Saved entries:
=== Begin Enclosure ===

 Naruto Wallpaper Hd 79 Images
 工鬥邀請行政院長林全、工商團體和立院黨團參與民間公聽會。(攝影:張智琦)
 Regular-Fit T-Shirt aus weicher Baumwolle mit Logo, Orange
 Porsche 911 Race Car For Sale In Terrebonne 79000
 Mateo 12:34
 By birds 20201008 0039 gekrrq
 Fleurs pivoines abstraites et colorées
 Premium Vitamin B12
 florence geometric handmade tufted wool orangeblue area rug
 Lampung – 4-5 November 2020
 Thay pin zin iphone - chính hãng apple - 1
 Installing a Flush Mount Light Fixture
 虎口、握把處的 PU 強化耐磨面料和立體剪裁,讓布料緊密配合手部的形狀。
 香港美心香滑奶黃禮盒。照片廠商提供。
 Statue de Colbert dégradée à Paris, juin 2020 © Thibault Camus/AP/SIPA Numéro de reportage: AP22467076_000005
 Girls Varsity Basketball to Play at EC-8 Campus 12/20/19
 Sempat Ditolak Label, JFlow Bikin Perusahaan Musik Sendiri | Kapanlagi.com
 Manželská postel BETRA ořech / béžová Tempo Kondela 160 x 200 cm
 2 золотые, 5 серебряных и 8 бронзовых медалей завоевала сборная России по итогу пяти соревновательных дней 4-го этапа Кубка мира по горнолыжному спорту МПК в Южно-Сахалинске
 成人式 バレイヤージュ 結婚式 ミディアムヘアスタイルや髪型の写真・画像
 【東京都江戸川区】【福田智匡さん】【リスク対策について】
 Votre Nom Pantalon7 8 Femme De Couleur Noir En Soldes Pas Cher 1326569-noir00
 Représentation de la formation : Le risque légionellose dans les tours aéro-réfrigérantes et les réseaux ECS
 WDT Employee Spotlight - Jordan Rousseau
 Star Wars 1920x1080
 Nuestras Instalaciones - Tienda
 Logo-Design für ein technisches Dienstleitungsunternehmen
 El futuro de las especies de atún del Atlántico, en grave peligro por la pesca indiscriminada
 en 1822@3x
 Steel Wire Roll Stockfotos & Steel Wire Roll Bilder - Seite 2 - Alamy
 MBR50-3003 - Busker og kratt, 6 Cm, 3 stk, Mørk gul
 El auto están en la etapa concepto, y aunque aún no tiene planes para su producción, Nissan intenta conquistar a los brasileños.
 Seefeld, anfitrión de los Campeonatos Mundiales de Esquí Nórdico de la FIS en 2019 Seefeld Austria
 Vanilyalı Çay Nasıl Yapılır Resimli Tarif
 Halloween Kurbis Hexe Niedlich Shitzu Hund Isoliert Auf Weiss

=== End Enclosure ===

▶ EXERCISE REQUIREMENTS
Check every line above for the word "Logo" and copy those that have it.

▶ SOLUTION TO THE PROBLEM
 Regular-Fit T-Shirt aus weicher Baumwolle mit Logo, Orange
 Logo-Design für ein technisches Dienstleitungsunternehmen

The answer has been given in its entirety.